ChatGPT, Bard... Jusqu'où ces "machines à prédire les mots suivants" peuvent-elles aller ?
Libre Eco week-end | Les capacités générales de résolution de problèmes des LLM pourraient être moins bonnes qu'il n'y paraît à première vue.
- Publié le 14-10-2023 à 15h11

L'engouement de la Silicon Valley pour les grands modèles de langage (large language model, LLM) ne semble pas près de s'arrêter. Google intègre son chatbot Bard dans chacun de ses services tandis qu'OpenAI dote sa propre offre, ChatGPT, de nouveaux sens, tels que la capacité de "voir" et de "parler", envisageant ainsi un nouveau type d'assistant personnel.
Mais de profonds mystères subsistent quant au fonctionnement de ces outils : que se passe-t-il réellement derrière leurs interfaces, quelles sont les tâches pour lesquelles ils sont vraiment performants et comment pourraient-ils échouer ? La question de savoir ce que font exactement ces programmes complexes fait encore l'objet de vastes débats. Alors qu'OpenAI affirme volontiers que GPT-4 "présente des performances de niveau humain sur divers benchmarks professionnels et académiques", on ne sait toujours pas exactement comment le système se comporte face à des taches qu'il n'a jamais vues auparavant.
Pas d'avertissement
À première vue, comme vous le diront la plupart des spécialistes de l'intelligence artificielle (IA), les LLM sont des machines à prédire les mots suivants. En essayant simplement de trouver le mot suivant le plus probable dans une séquence, ils semblent avoir le pouvoir de raisonner comme un humain.

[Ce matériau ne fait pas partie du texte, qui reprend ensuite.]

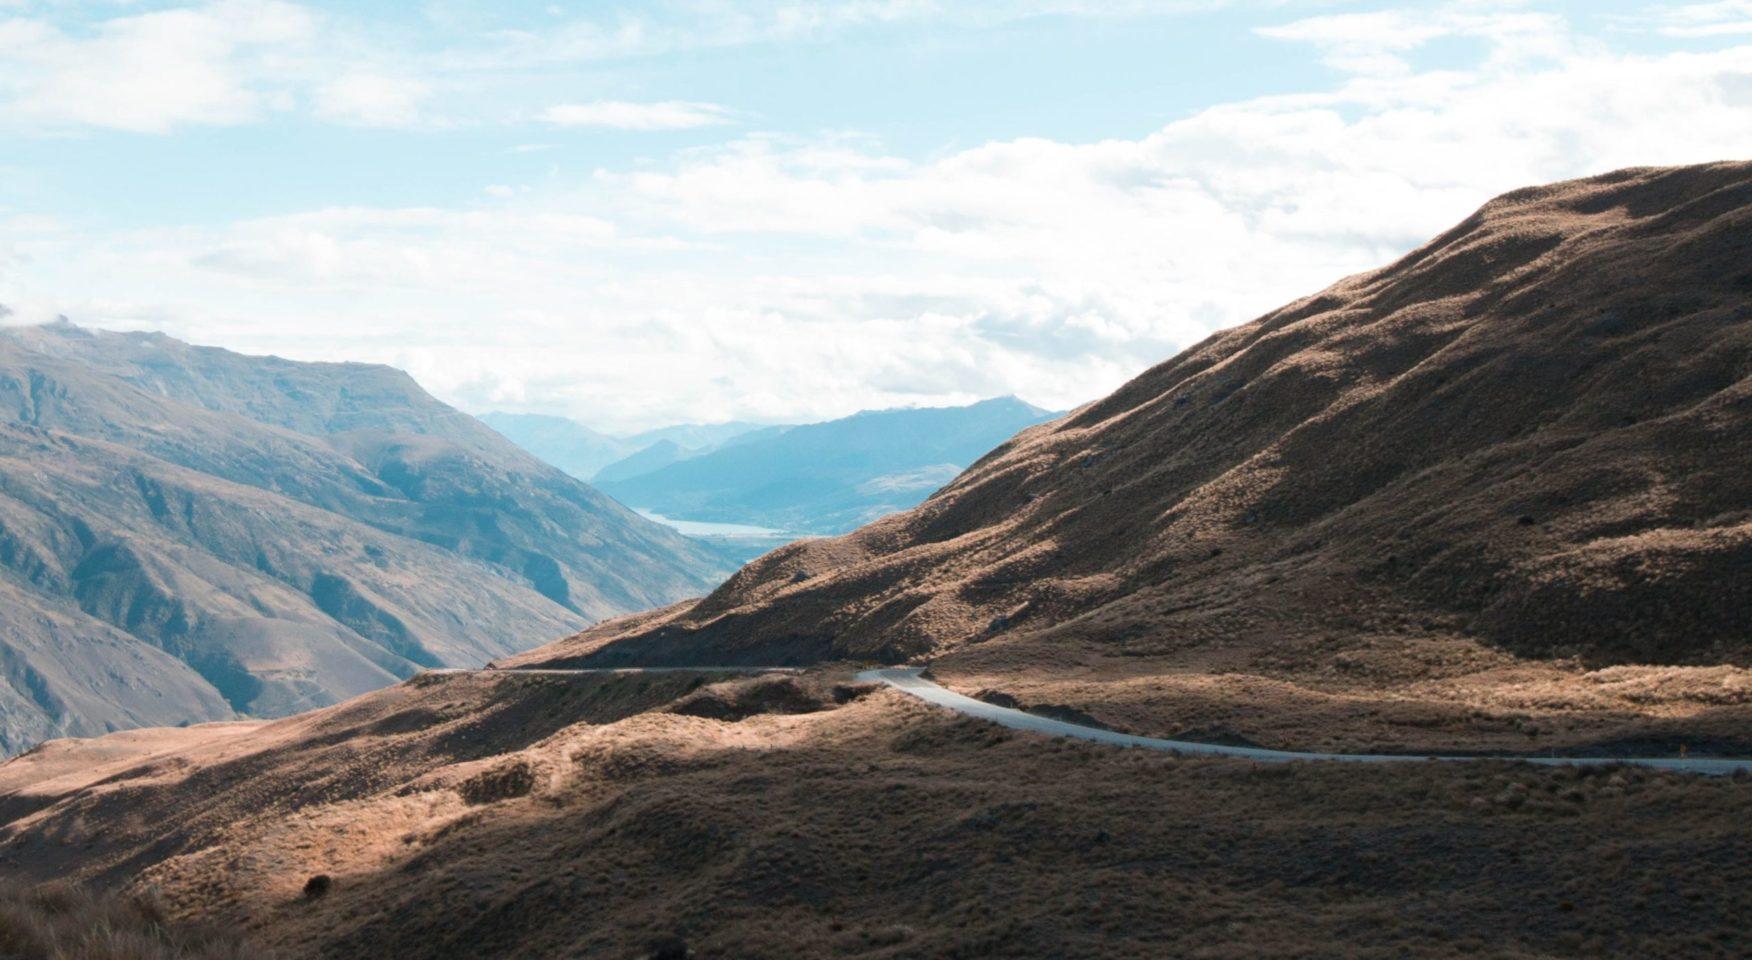 Road winding through brown mountains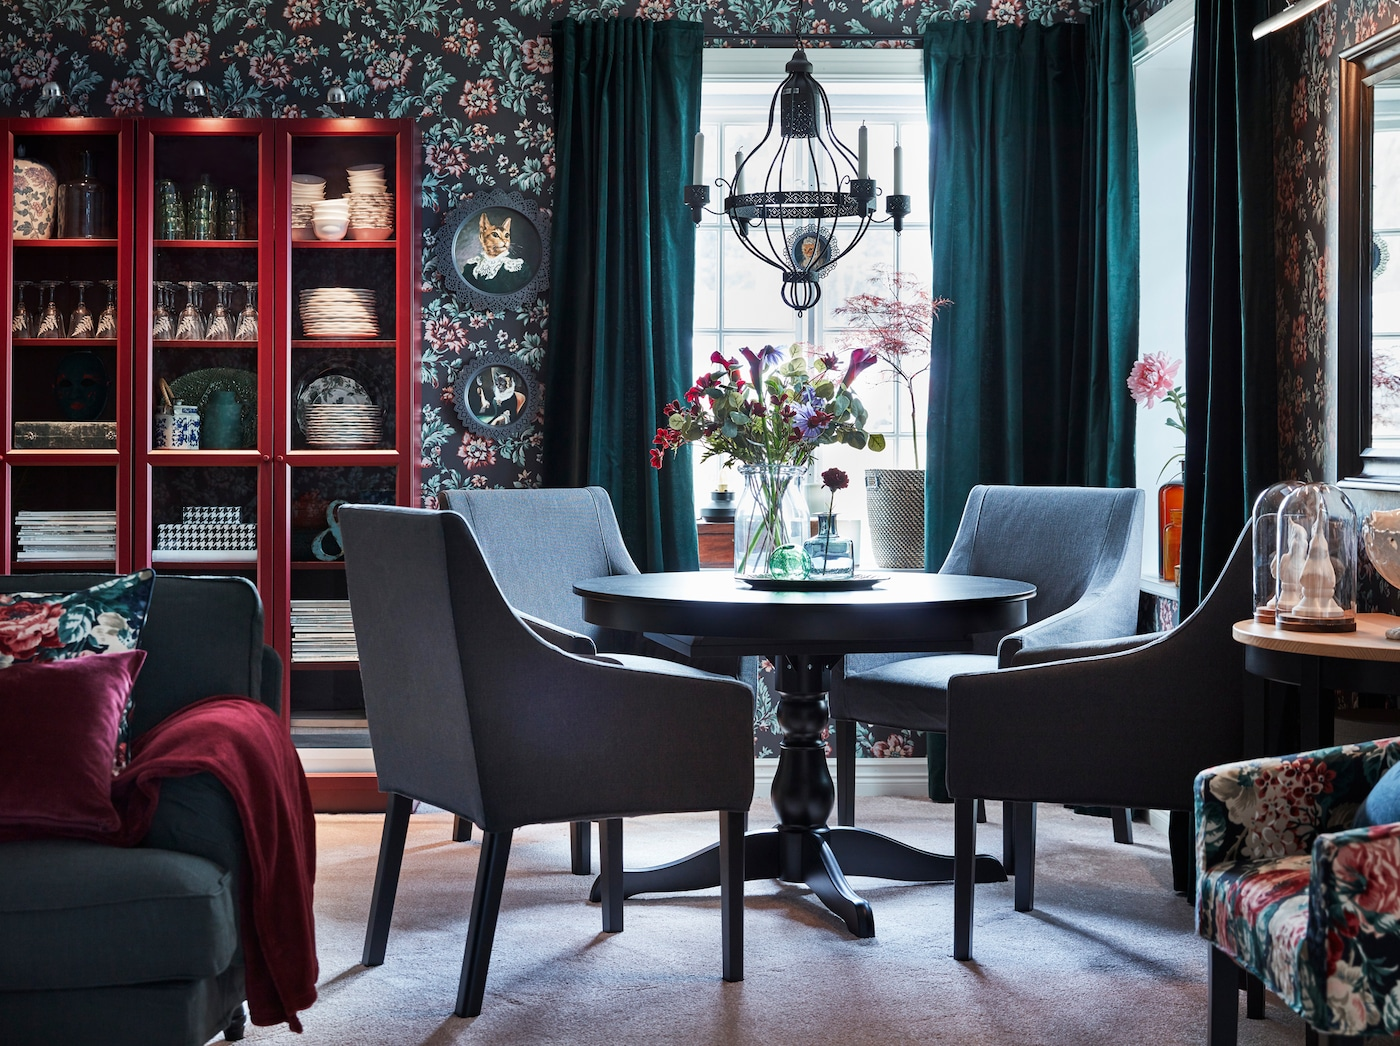 Mesa Redonda Extensible Ikea Muebles para el Hogar en

Mais des travaux récents menés par des chercheurs de l'université de Princeton suggèrent que de nombreux cas de ce qui semble être un raisonnement sont beaucoup moins évidents et ressemblent davantage à ce pour quoi ces modèles ont été conçus : la prédiction du mot suivant.
Les auteurs de Princeton suggèrent que nous devrions peut-être repenser la manière dont nous évaluons les LLM. Par exemple, lorsque les chercheurs ont demandé à GPT-4 de multiplier un nombre par 1,8 et d'ajouter 32, il a obtenu la bonne réponse, mais lorsque ces nombres sont modifiés, même légèrement, il n'obtient pas la bonne réponse. Cela s'explique par le fait que la première formule est la conversion de centigrades en degrés Fahrenheit. GPT-4 peut y répondre correctement parce qu'il a vu ce schéma de nombreuses fois mais lorsqu'il s'agit d'appliquer cette logique à des problèmes similaires qu'il n'a jamais vus, ce que même des écoliers sont capables de faire, il échoue.
Les personnes qui utilisent quotidiennement des outils tels que ChatGPT ne sont pas conscientes de ce déséquilibre dans leurs capacités de résolution de problèmes, et comment le seraient-elles ? Il n'y a pas d'avertissement à ce sujet sur le site Web d'OpenAI, qui indique simplement que "ChatGPT peut produire des informations inexactes sur des personnes, des lieux ou des faits. Cela laisse également entendre que la suggestion d'OpenAI d'une "performance de niveau humain" pourrait être moins impressionnante qu'il n'y paraît à première vue. Mais, bien entendu, ces outils restent utiles, de nombreuses tâches fastidieuses étant des problèmes fréquents à forte probabilité.